Table 3.6: The Ratio of Old Users and New Users for Each Channel
Channel	OldUsers	NewUsers	Ratio
(Other)	3383	7268	0.4655
Referral	8101	23027	0.3518
Paid Search	2116	11593	0.1825
Affiliates	1002	8071	0.1241
Organic Search	8428	81809	0.1030
Display	524	7624	0.0687

3.8 Central Tendency

Besides using frequency analysis to summarize the distribution of a variable, we also can use the central tendency analysis to understand which attribute of a variable is most typical or representative of the variable distribution. Specifically, the central tendency analysis describes what the center of the data for a variable is. What do we mean by the center of the data? For many, the mean, median, and mode. Mean is the sum of all data points divided by the total number of observations. Median is the midpoint in data with an equal number of data points above and below. If the number of data points is even, then Median is the mean of the two midpoints. Mode is the data point that is most prevalent in the data set. It represents the most likely outcome in a data set.

Let’s first create a small dataset of test scores from 20 students.

StudentID <- c(1:20)
Score <- c(40,50,50,60,60,60,60,60,70,70,70,80,80,80,80,90,90,90,90,100)
TestData <- data.frame(StudentID, Score)
ScoreFrequency <- as.data.frame(table(TestData$Score)) # Calculate the frequency of each score
colnames(ScoreFrequency) <- c("Score","Frequency")

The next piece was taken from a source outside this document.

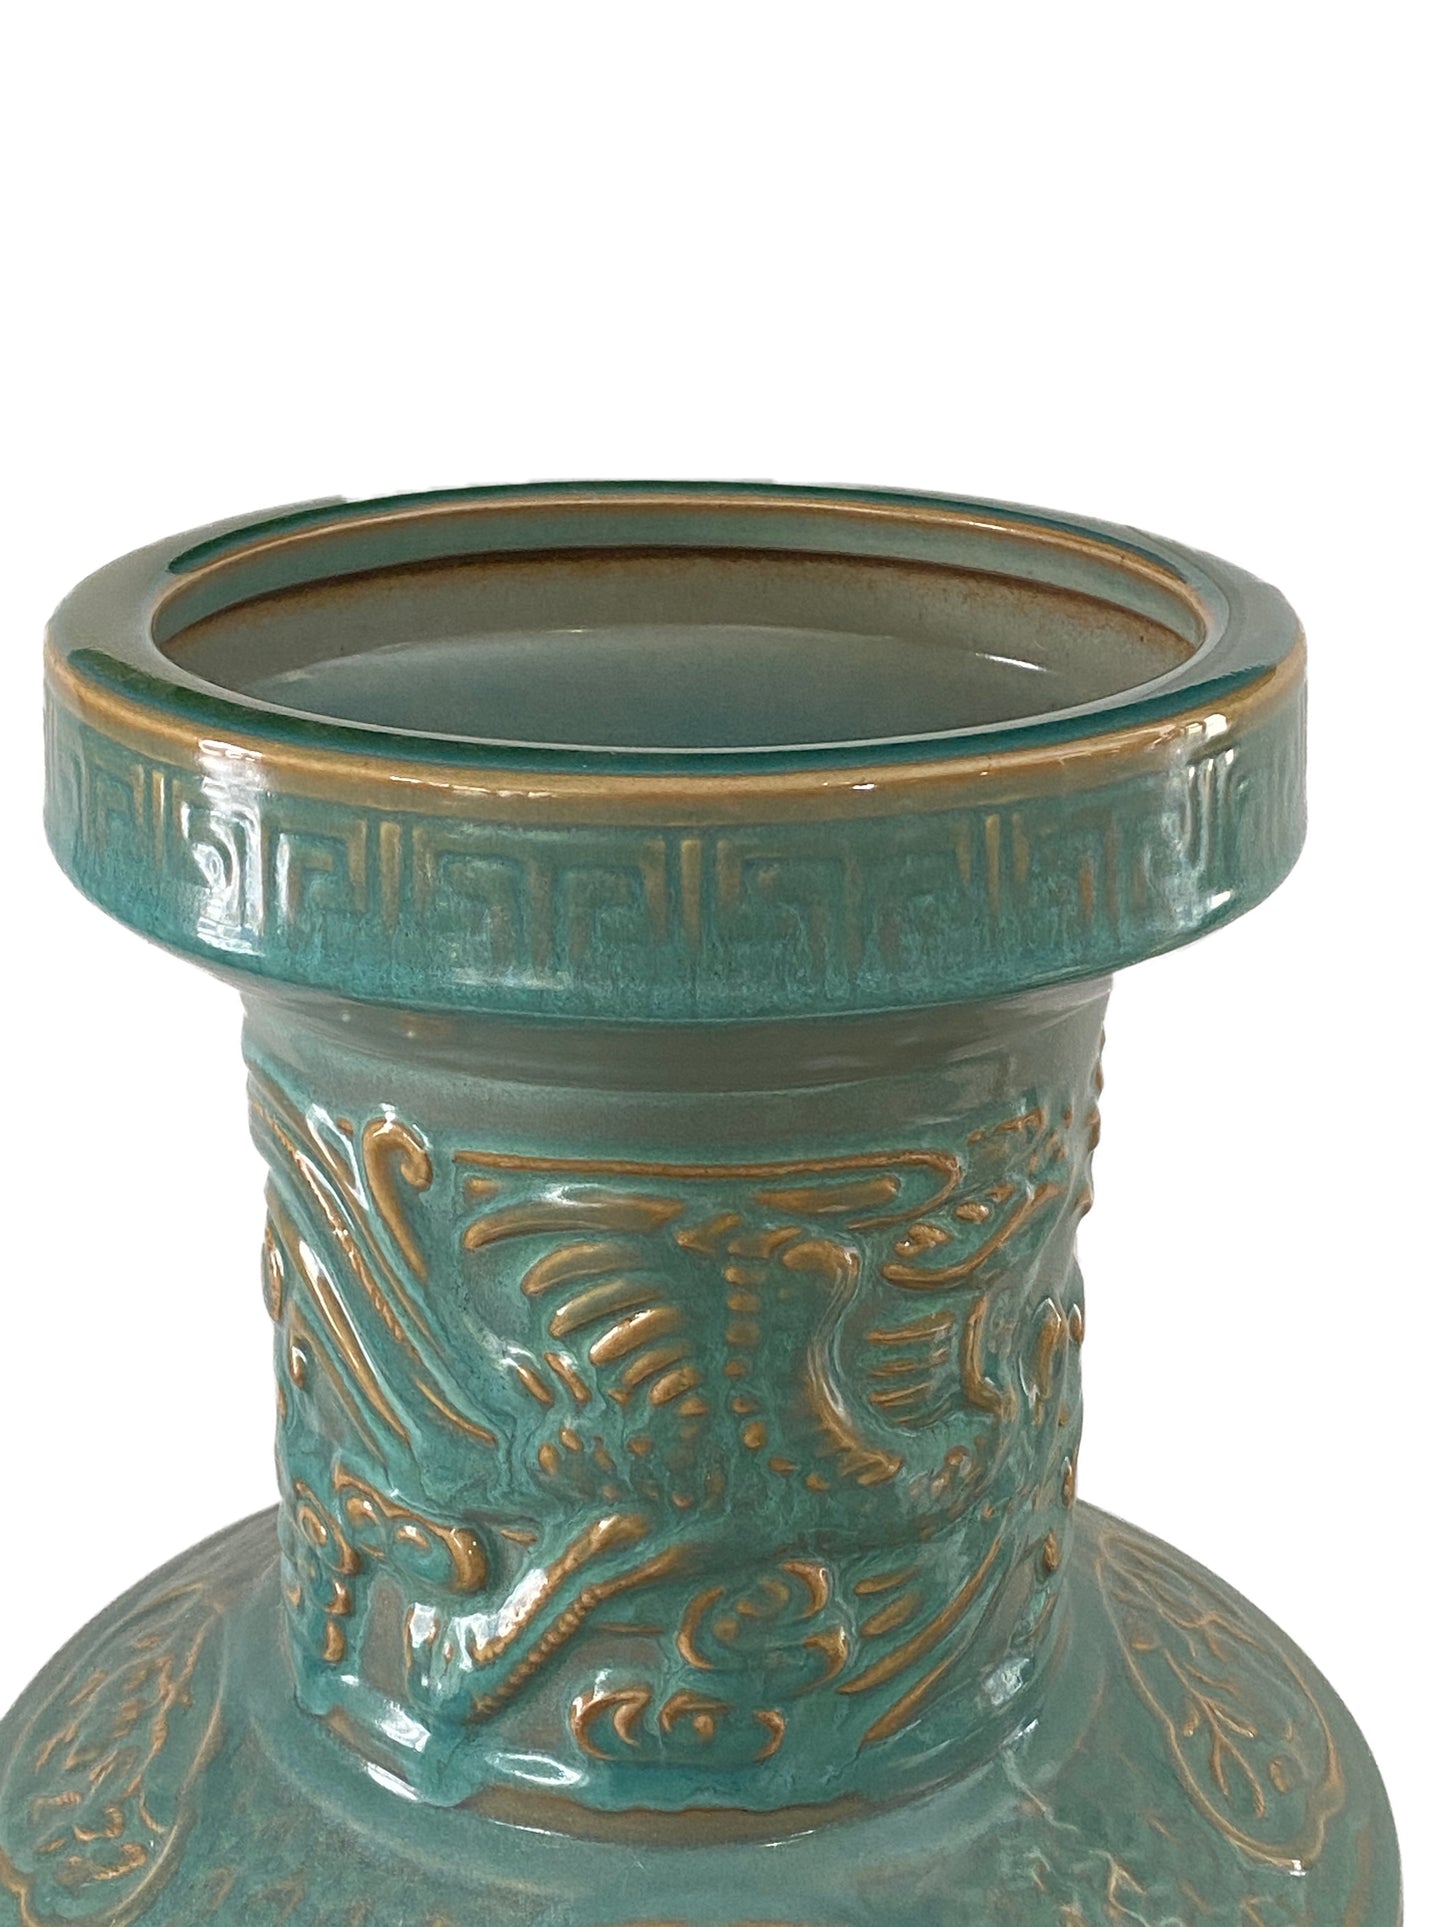 #3375 Chinoiserie Large Porcelain Dragon Vase 26.5" H

Table 3.7 demonstrates the frequency of each score.

knitr::kable(
    head(arrange(ScoreFrequency)), 
  booktabs = TRUE,
  caption = 'Frequency of Test Scores from 20 Students', align = "l"
) %>%
  kable_styling(font_size = 16)

Table 3.7: Frequency of Test Scores from 20 Students
Score	Frequency
40	1
50	2
60	5
70	3
80	4
90	4

The mean score is the sum of all scores divided by 20. The related formula is: (40x1 + 50x2 + 60x5 + 70x3 + 80x4 +90x4 + 100x1)/20 = 71.5, meaning that the average score among these 20 students is 71.5.

When it comes to identifying the median value, we want to sort all individuals from the lowest value to the highest value, and whoever in the middle gives us the median value. But the problem is, we have 20 students in this sample, which is an even number, meaning that there will be two individuals in the middle (Table 3.8: student number 10 and number 11). For situations like this, we take the mean of these two individuals’ values to compute the median: (70+70)/2 = 70 (Table 2.8).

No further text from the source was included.